As you keep mixing it, you will see the mix slowly going dry, when this happens, keep adding more water.
Now add the salt and keep mixing with the kitchen robot for approximately 10 minutes, by hand at least 20 minutes.
{So...this is the trickiest part of making bread ( also the same hard part of making pizza). This step will determine everything about your final result of your bread.
It does not simply comes out by mixing ingredients in the right amount. It comes out by reaching the right appearance. By this I mean that you need to keep checking the dough and if it is "too dry" you need add more water, if it is "too sticky-wet" it need more flour.
As the right dough is affected by many factors ( including environment temperature and humidity) you will have to understand by sight and touch, what your dough needs.

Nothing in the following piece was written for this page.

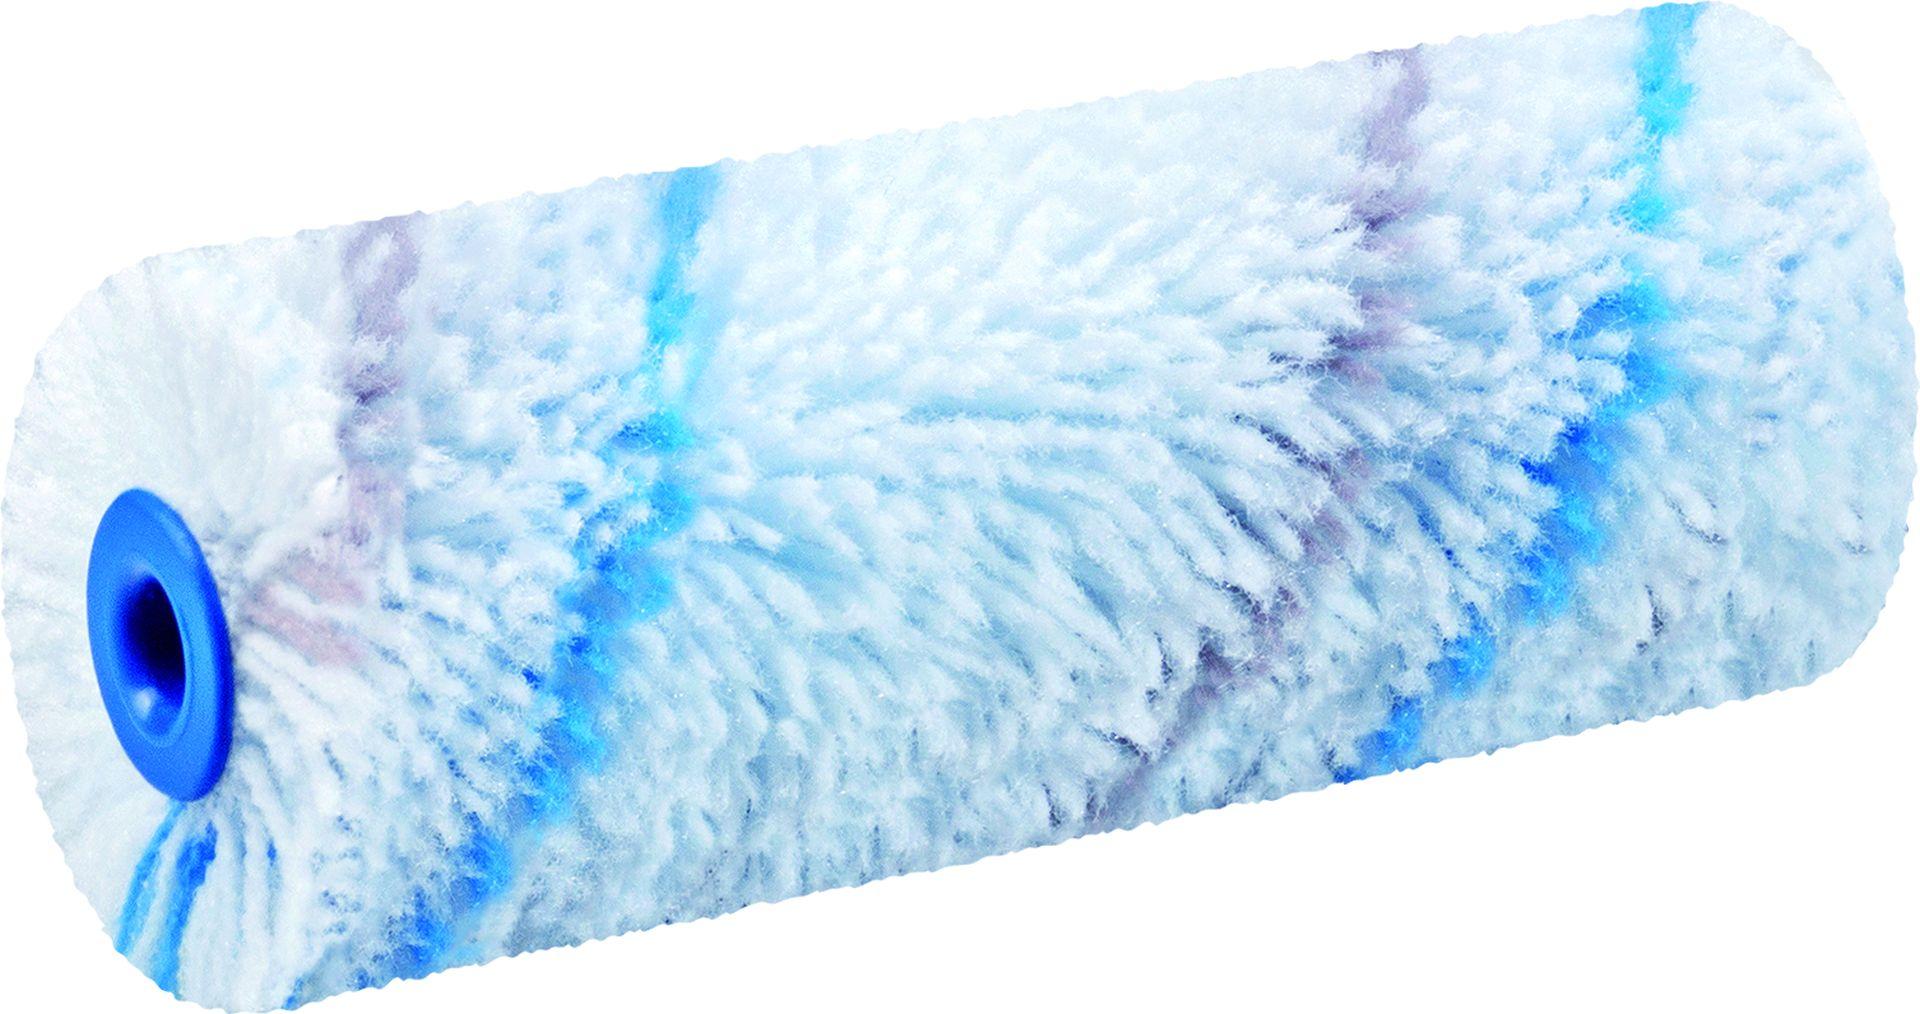 STORCH Walze, 10 cm, im 2er Pack, K16 Polyamid 12 Multicolor Blaugraufaden

Is it water or is it more flour??
Some suggestions are:
1) if the dough remains attached to the bowl or sticky on your hands and it looks more like a pudding than a play-dough, then it needs more flour. Add a bit and keep mixing and reassess the dough, you can add more water if is then too too thick or more flour if it is still wet, do not be afraid to try.

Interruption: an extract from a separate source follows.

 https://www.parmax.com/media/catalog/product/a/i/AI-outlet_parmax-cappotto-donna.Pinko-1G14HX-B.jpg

I2) If your dough is too dry ( there is flour that is not being absorbed by the dough and remains on the bottom ), and it is not elastic ( when you press the dough you live your finger impressed on it), it probably need more water.
This is how it should look like when the dough is ready!
Again the more you do it the more you will become and expert of doing this and it will require you literally 2 seconds to spot what your dough needs! }
Now once the dough is sticking to the robot-hook and is no longer sticking to the bowl, it is time to take it out of the robot and with your hands make a round shape.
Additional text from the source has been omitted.